De dag van Camilla’s thuiskomst uit het ziekenhuis werd uitbundig gevierd. De kinderen, Violet en ik waren een week met de voorbereidingen in de weer geweest.
‘Laten we haar een Barbie geven,’ stelde Ella voor.
‘Smarties,’ vond Hugh.
‘Poep,’ zei Isobel.
‘Hier, voor jou,’ zei Will. Hij gooide een bruine envelop vol Britse postzegels naar me toe, maar ik lette nauwelijks op, zo druk was ik aan het redderen.
‘Laten we een taart voor haar bakken.

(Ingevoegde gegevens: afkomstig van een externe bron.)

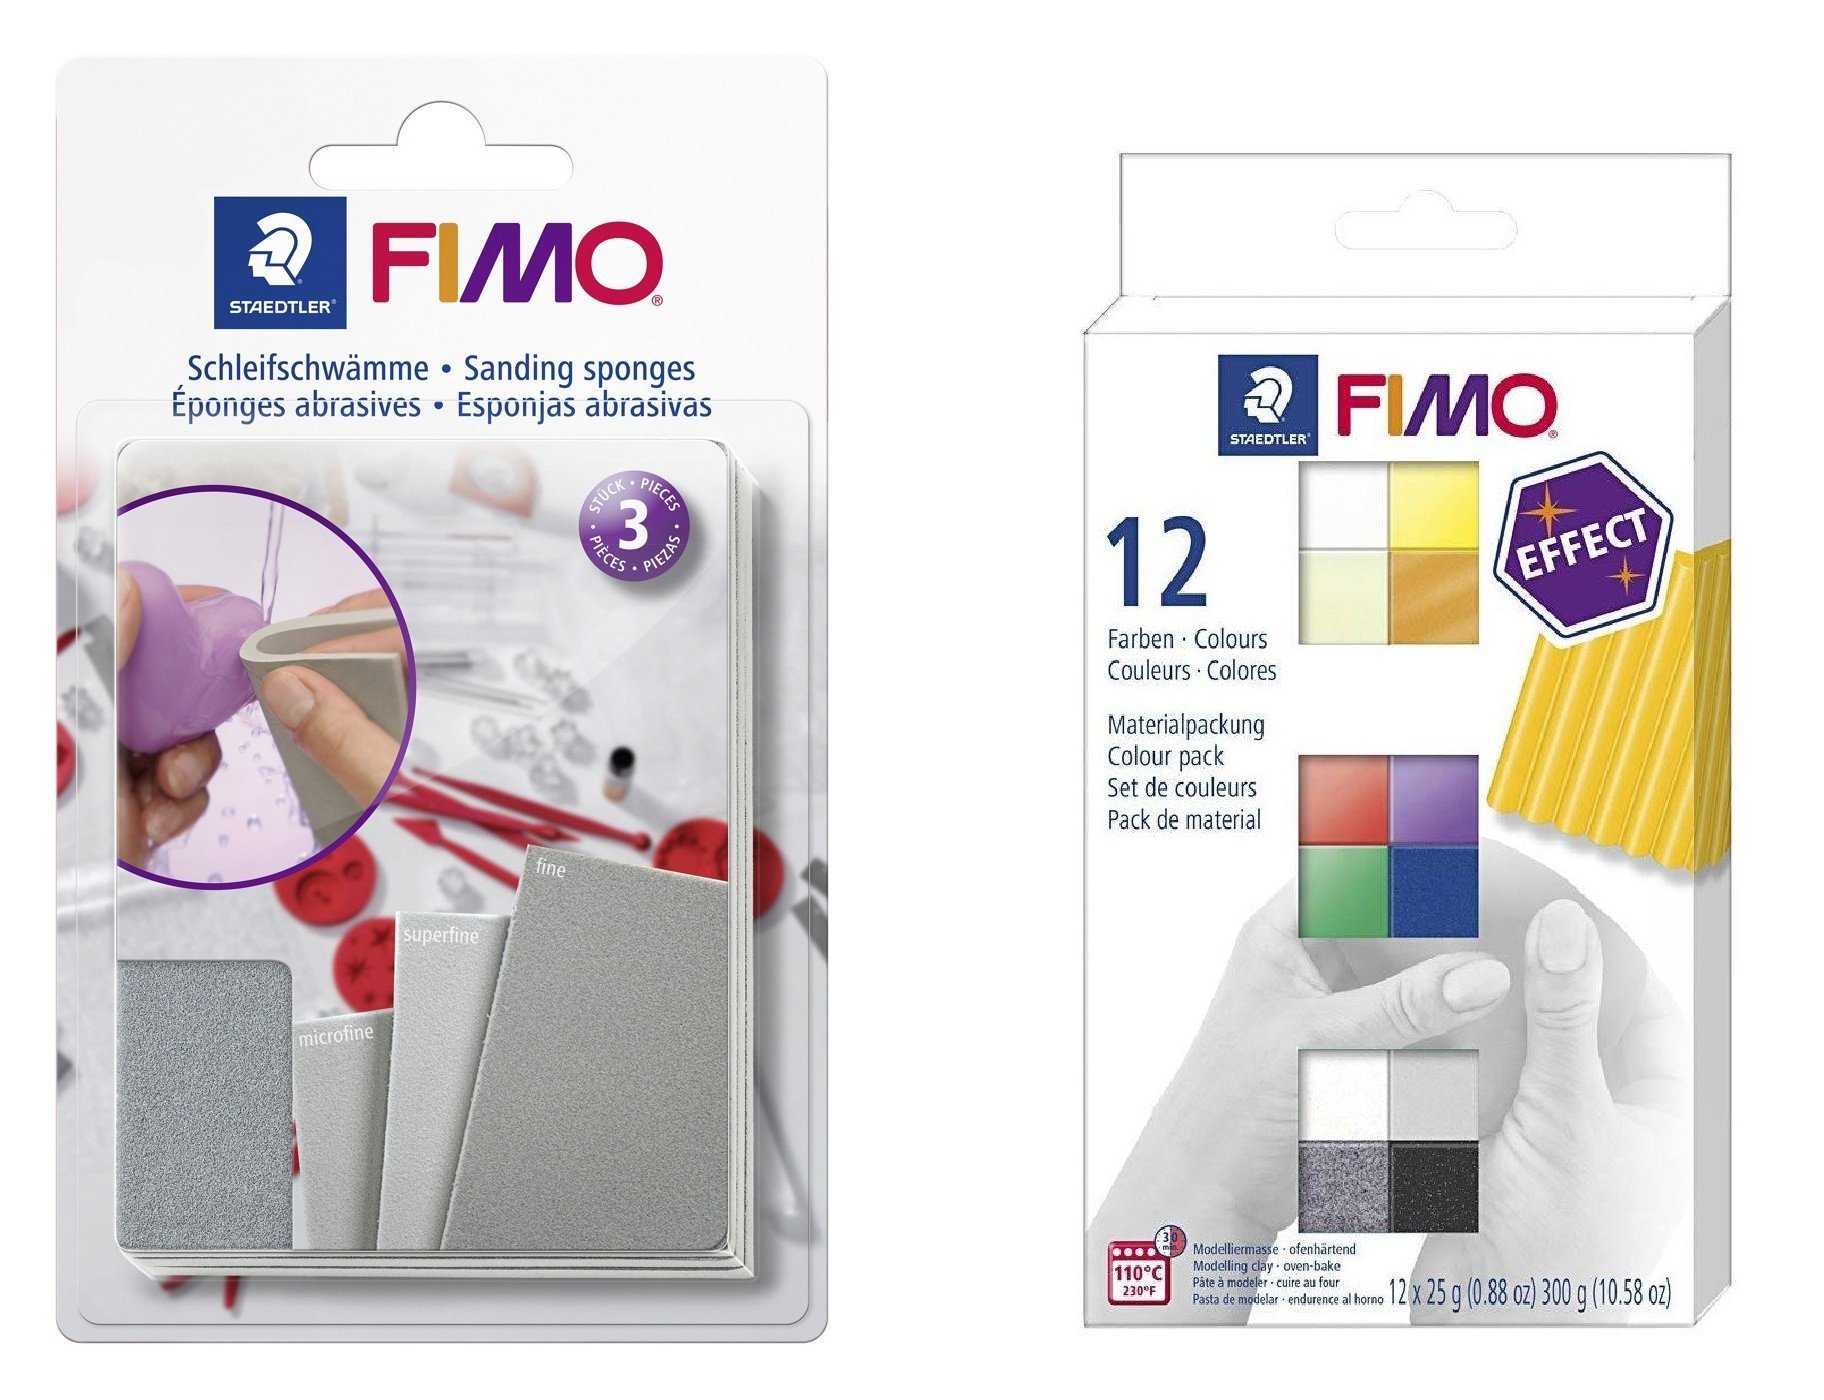 FIMO - Sanding and polishing set&Effect 12 Colours - Leker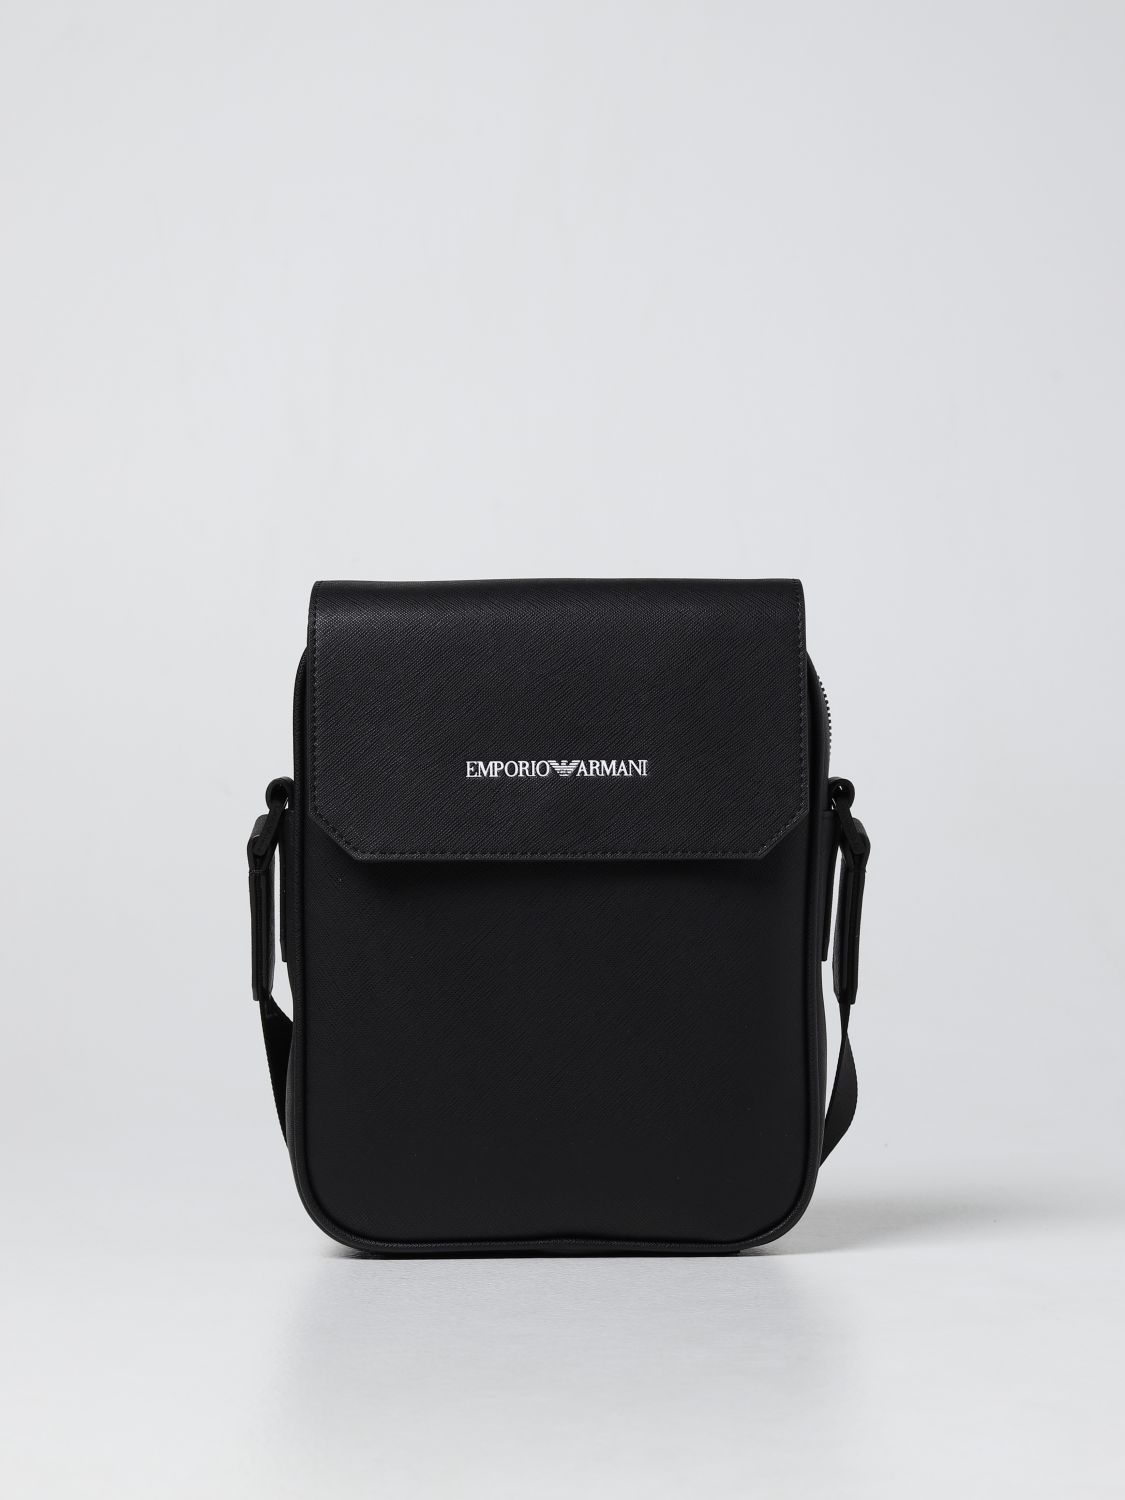 Emporio Armani Messenger Bag In Regenerated Leather Black Emporio Armani Shoulder Bag

Een Welkom Thuis-taart. Ik weet het al, Ella. We bakken een taart voor haar die op Bar bies rok lijkt, en dan zetten we een blote Barbie in het midden zodat het lijkt alsof ze de taartrok aanheeft, en we versieren de taart met Hughs Smarties…’
‘Waarom ga je niet even liggen voordat ze komt, Francesca?’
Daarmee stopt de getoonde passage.